In deze zaak heeft de Rechtbank Zutphen op 6 juni 2012 uitspraak gedaan in een geschil tussen eiseres, een inwoner van Putten, en het college van burgemeester en wethouders van de gemeente Putten. Eiseres had bezwaar gemaakt tegen de voorgenomen route van het klompenpad Huinen, waarvoor een eenmalige subsidie was verleend aan Landschapsbeheer Gelderland (LG). Eiseres stelde dat zij hinder ondervond van de route en dat haar bezwaar ten onrechte niet-ontvankelijk was verklaard door verweerder.
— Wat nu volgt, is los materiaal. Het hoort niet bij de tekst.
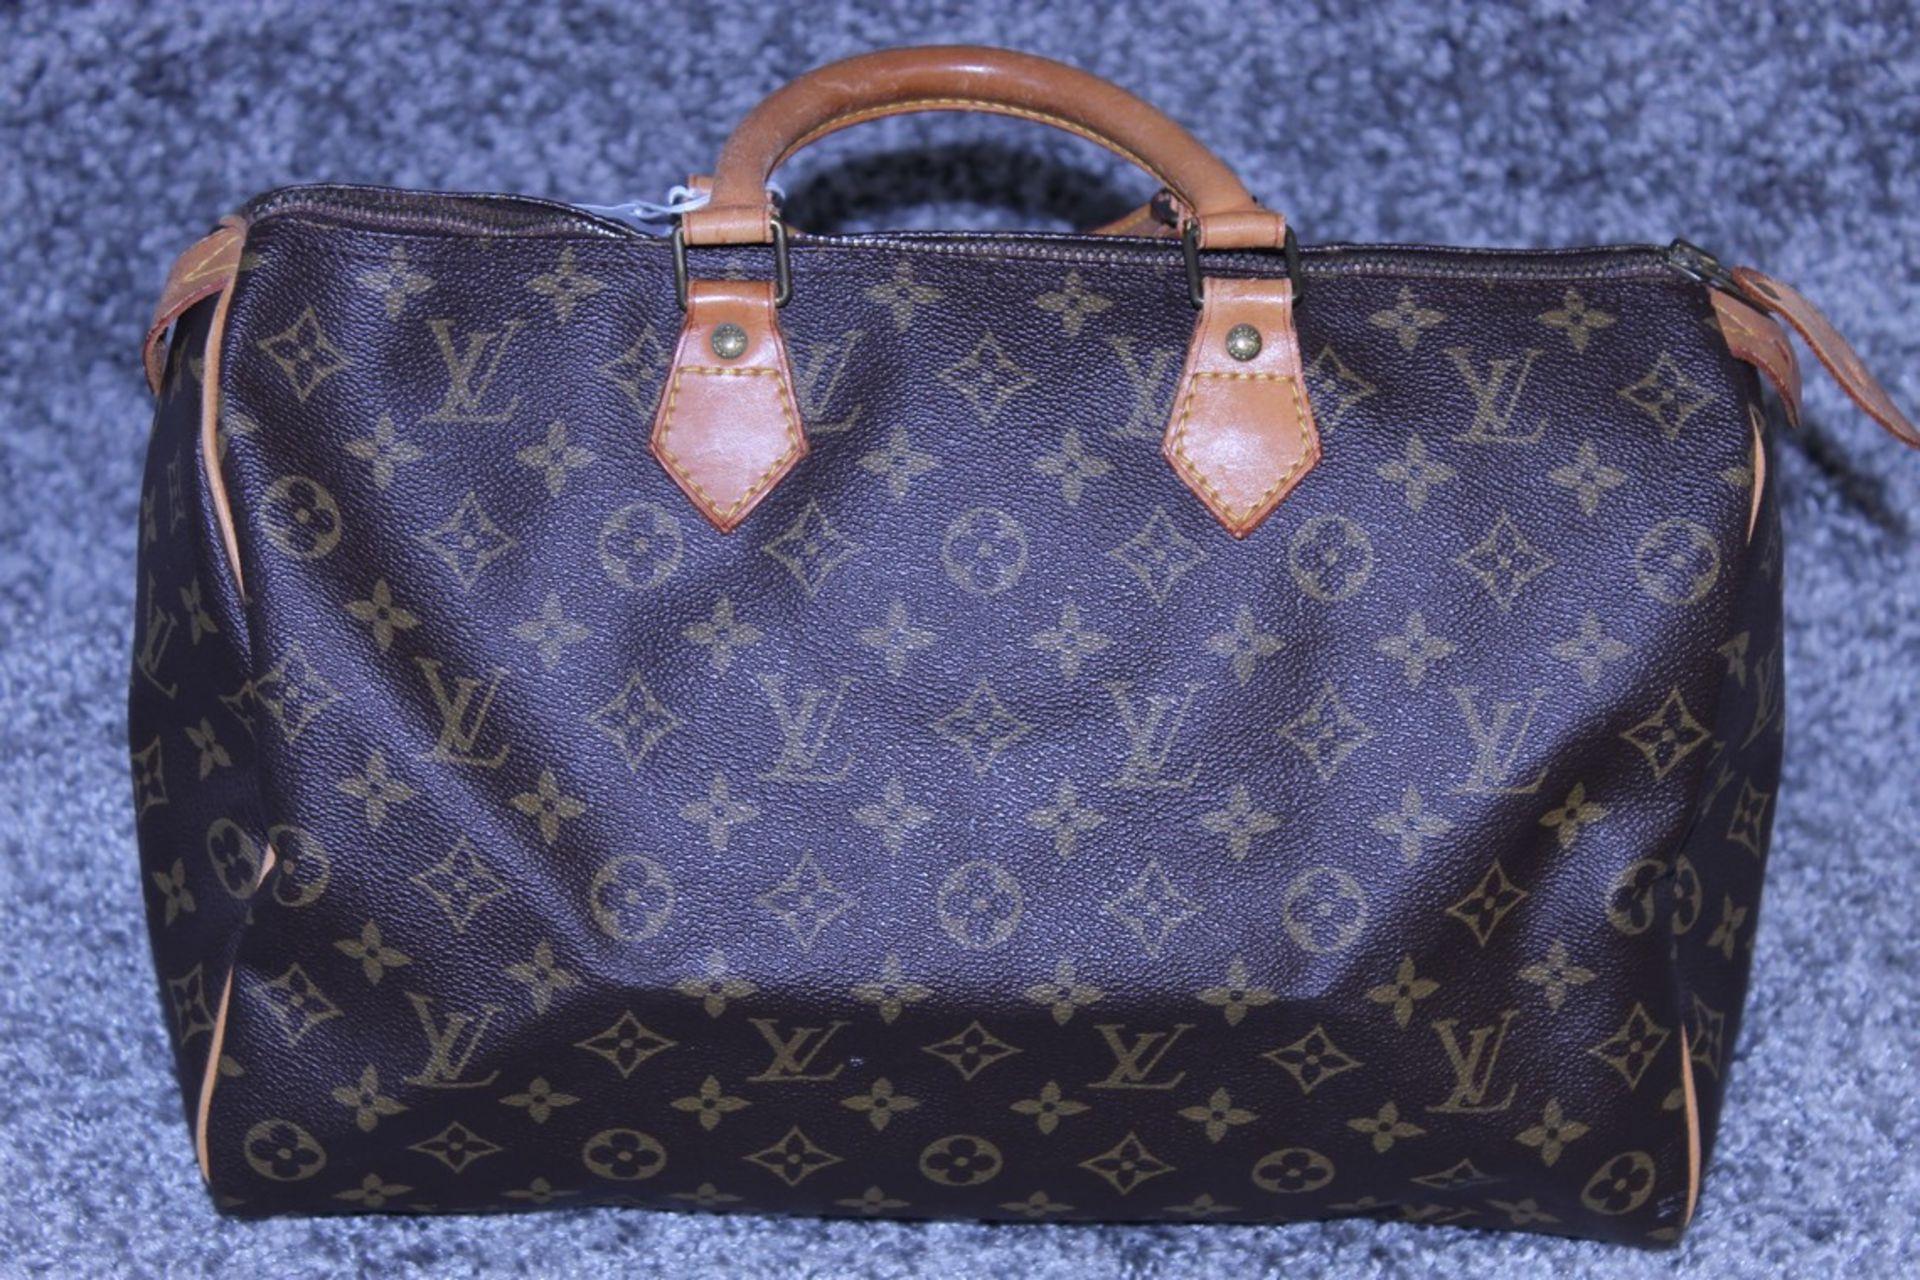 RRP £1100 Louis Vuitton Speedy Brown Coated Monogram Canvas Handbag With Vachetta Handles ( - Image 2 of 3

De rechtbank heeft vastgesteld dat het subsidiebesluit van 16 november 2007, waartegen eiseres bezwaar had gemaakt, een besluit in de zin van de Algemene wet bestuursrecht (Awb) is. De rechtbank oordeelde dat eiseres niet als belanghebbende kon worden aangemerkt, omdat zij geen rechtstreeks belang had bij het subsidiebesluit. Dit was gebaseerd op de jurisprudentie van de Afdeling bestuursrechtspraak van de Raad van State. De rechtbank verklaarde het beroep gegrond, vernietigde het bestreden besluit, maar liet de rechtsgevolgen van het bestreden besluit in stand. Tevens werd verweerder veroordeeld tot vergoeding van het griffierecht en de proceskosten van eiseres.

Uitspraak

RECHTBANK ZUTPHEN
Sector Bestuursrecht
Enkelvoudige kamer
Reg.nr.: 11/734 BESLU
Uitspraak in het geding tussen:
[eiseres]
te Putten,
eiserses,
en
het college van burgemeester en wethouders van de gemeente Putten
verweerder.
1. Procesverloop
Bij besluit van 16 november 2007, onder registratienummer OW/2007/14918 (hierna: subsidiebesluit), heeft verweerder voor de realisatie van het zogenoemde klompenpad Huinen (hierna: klompenpad) eenmalig een subsidiebedrag aan Landschapsbeheer Gelderland (hierna: LG) beschikbaar gesteld van € 23.125,00.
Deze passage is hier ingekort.